La piedra le enseñaba paciencia. Pedir le enseñaba humildad. Recibir ayuda le enseñaba gratitud. Trabajar le enseñaba perseverancia. La incomprensión le enseñaba a no depender del aplauso.
Tal vez ese haya sido uno de los sentidos ocultos del llamado de San Damián. Cristo no le dio a Francisco una tarea solamente para obtener una iglesia reparada. La tarea se convirtió en una escuela donde el propio constructor sería transformado.
Esto nos ocurre a nosotros. Cuando cuidamos a alguien, también aprendemos a amar. Cuando estudiamos con disciplina, nuestra mente no recibe solamente información: aprende a perseverar. Cuando pedimos perdón, no reconstruimos solo una amistad: reconstruimos la honestidad dentro de nosotros.
Quien trabaja en una buena obra también es trabajado por ella.
Una construcción para hoy
No necesitas levantar una capilla de piedra. Hay muchas pequeñas ruinas que esperan cuidados:
- un rincón de la casa que todos usan y nadie ordena;
- un jardín olvidado;
- una amistad debilitada por la falta de atención;
- un libro dañado que todavía puede repararse;
- una habilidad que puede ayudar a una comunidad;
- una persona cansada que lo lleva todo sola.
Elige algo posible y pide orientación antes de comenzar. El gesto franciscano no necesita ser enorme. Necesita ser verdadero.

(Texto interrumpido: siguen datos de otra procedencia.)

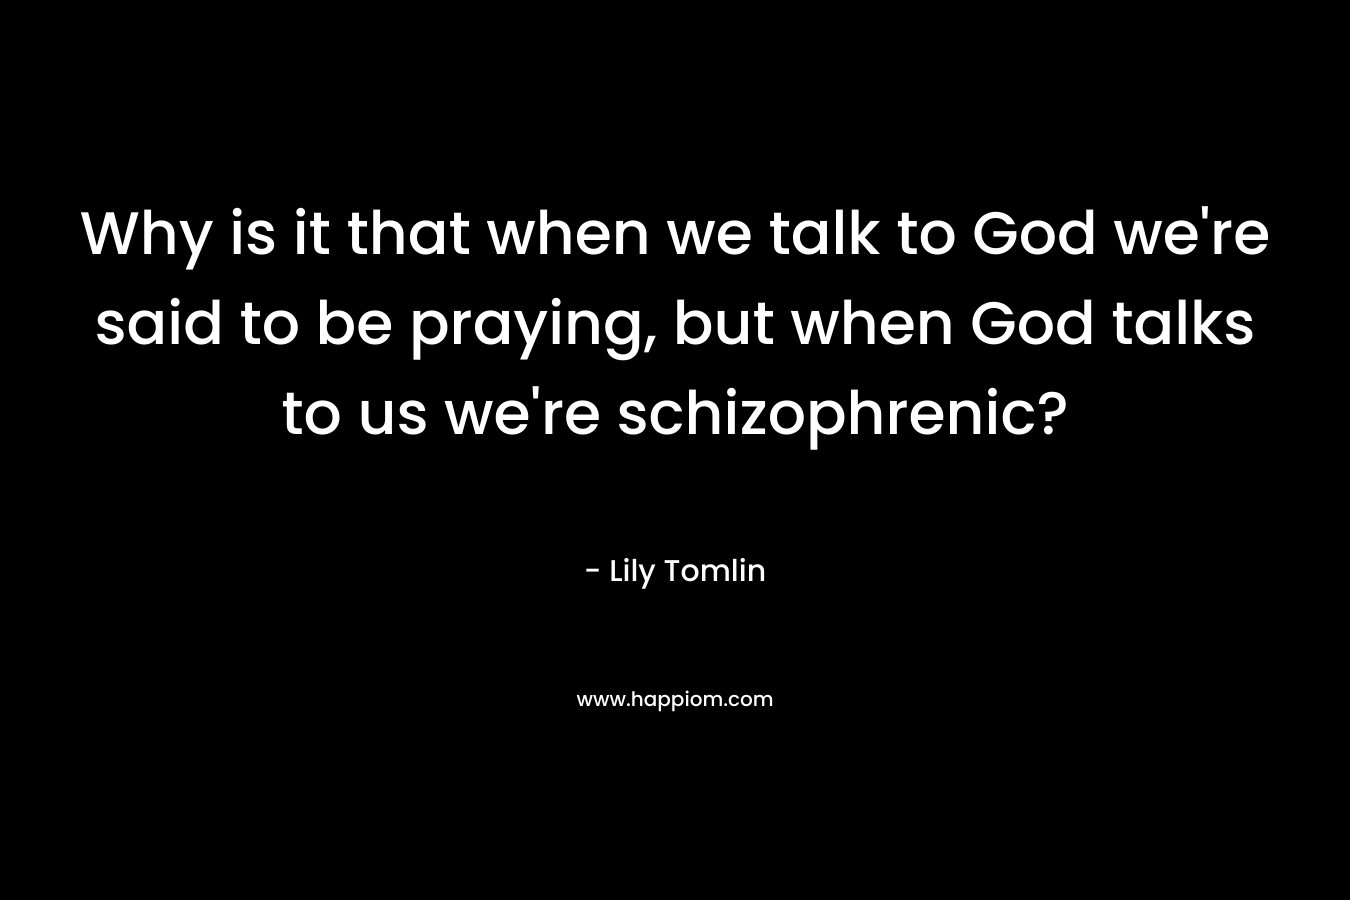 Why is it that when we talk to God we’re said to be praying, but when God talks to us we’re schizophrenic? – Lily Tomlin

Tal vez los demás ni siquiera lo noten. El polvo puede cubrir tu ropa. La tarea puede tardar más de lo que parecía.
Aun así, una piedra colocada con amor nunca es solamente una piedra.
El polvo dorado del taller
Haz que la piedra recuerde la luz.
Elige una pequeña obra que tus manos puedan comenzar hoy. Lo común se ilumina cuando se ofrece con cuidado.
La luz no cayó terminada del cielo: esperaba dentro del trabajo.
Para quienes desean profundizar
Fuentes de este capítulo
- Tomás de Celano y fuentes franciscanas reunidasTextos antiguos sobre la restauración de San Damián y de las primeras iglesias.
- San Francisco de Asís, restaurador de iglesiasDescripción de la recolección de piedras, el trabajo y las invitaciones hechas a los habitantes.
- La capilla de Nuestra Señora de los ÁngelesHistoria franciscana de la Porciúncula, tercera capilla reparada por Francisco y cuna de la fraternidad.
Las fuentes afirman que Francisco trabajó directamente en la restauración. No ofrecen una lista completa de ayudantes ni de técnicas; las escenas de colaboración de este capítulo se presentan como imaginación plausible, no como hechos documentados.
Nota histórica: el orden y la ubicación exacta de algunas iglesias varían en los estudios. La tradición más difundida presenta San Damián, San Pedro y Santa María de los Ángeles, la Porciúncula, como las tres capillas restauradas por Francisco antes de la formación plena de la fraternidad.